Il canto del tempo. Cos'è un canto? E' l'esecuzione vocale di una melodia o di un ritmo, ma anche un componimento poetico; e il tempo? E' la percezione e la rappresentazione della modalità di successione degli eventi e del rapporto fra essi. Dunque, il poema di Roberto Costantini può essere definito come la poesia che racconta la vita.

Da questo viaggio sono ritornato nuovo, a tutti gli effetti. Non ho avuto necessità di immergermi fino al fondo dell'abisso per poter fare esperienza del sublime, per sentirmi parte di quanto mi circonda al punto da farmene attraversare.

Un viaggio nei ricordi della vita, forse dolorosi, ma senza rimpianti. Nel tempo e oltre, malgrado i vapori di sangue e malgrado ritorni quel tuo gesto empio ad aggredire l'infanzia mia. Il sole tuo malgrado risorge.

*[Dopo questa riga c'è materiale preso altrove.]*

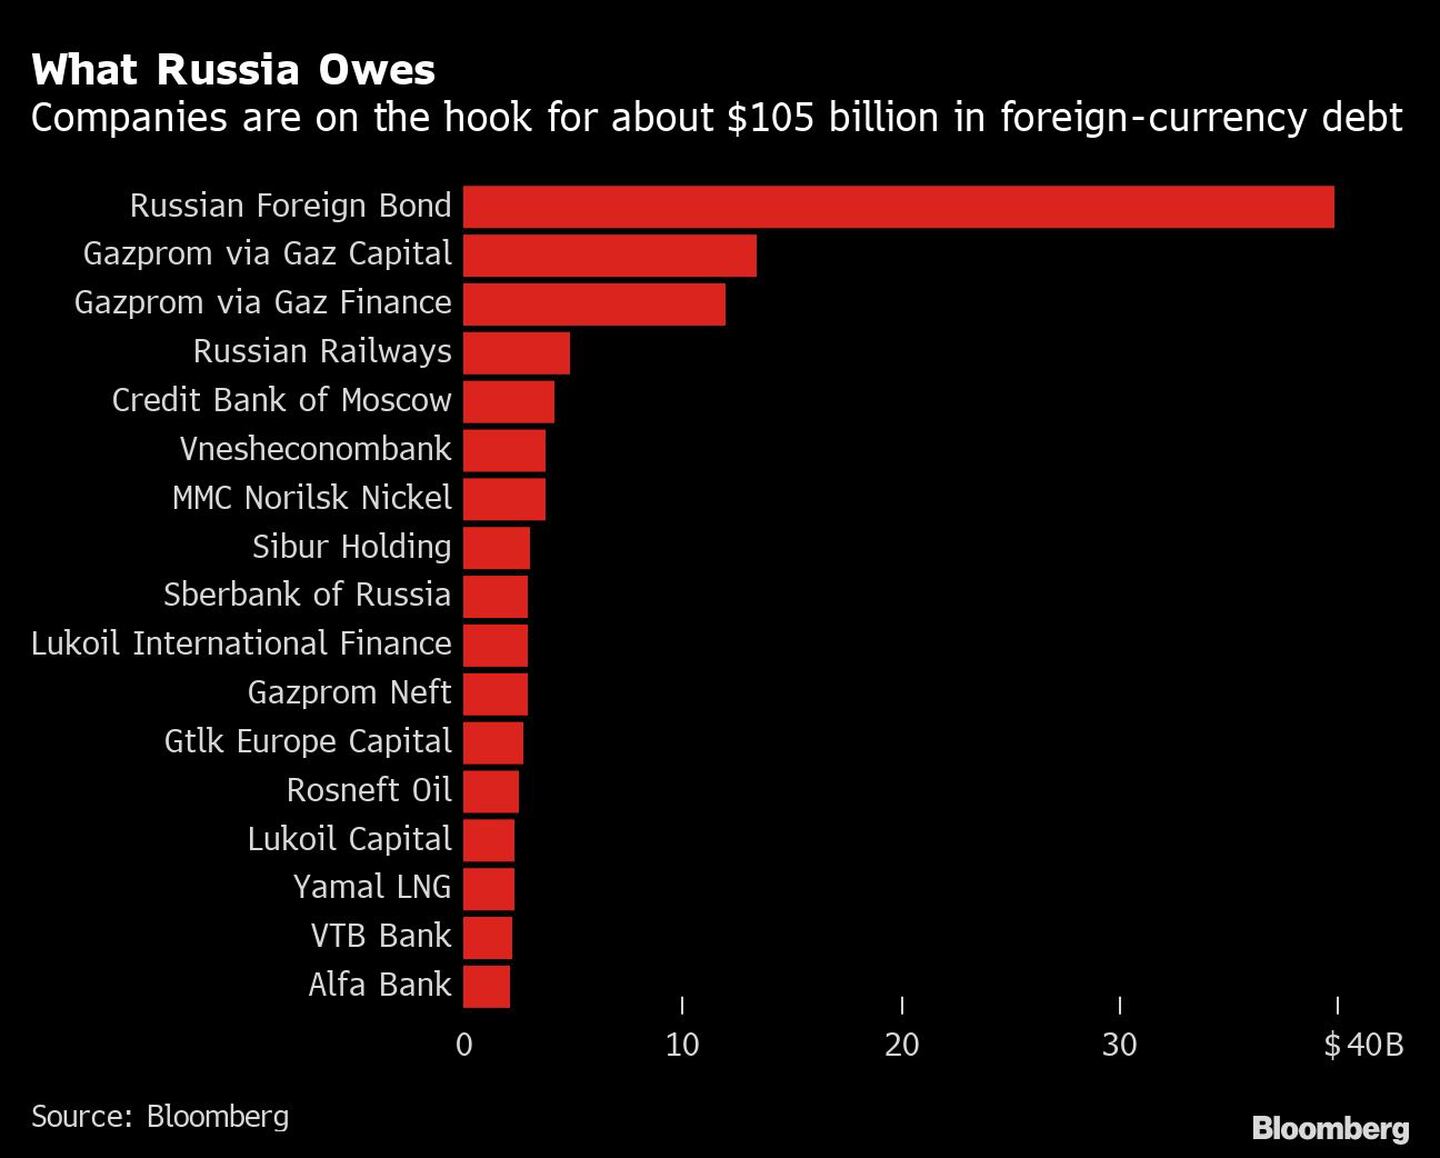 Lo que debe Rusia
Las empresas tienen que pagar unos US$105.000 millones de deuda en moneda extranjeradfd

Nonostante le difficoltà, la sofferenza causata dalle azioni e dalle decisioni di altri, la vita del poeta è andata avanti, guardando a ciò che resta di positivo e sentendosi parte integrante della natura, dei suoi odori, dei suoi frutti: “Odora dentro forte/ la prima pioggia grigia”; Portami là dove canta/ il verde incendiato d'acqua; e senza te io i boschi/ non li vedo e non li vivo/ non li respiro come vorrei/ come li sogno […] Amo perdermi/ quando scocca settembre/ nelle ampie nebbie lacustri. Nessun rimpianto, oggi, nel crocicchio,/ nessuna necessità di consolazione./ Solo bellezza, un respiro”.

Il mondo – scrive Sandro Gros-Pietro nella prefazione - è tutto ciò che esiste nella realtà e che ricade sotto la sperimentazione dei nostri sensi, ma anche aumentato a dismisura da tutto ciò che esiste unicamente nella nostra fantasia. A questo indirizzo, si trova la poetica di Roberto Costantini, contenuta in Il canto del tempo, ma già in fieri nel suo precedente libro”.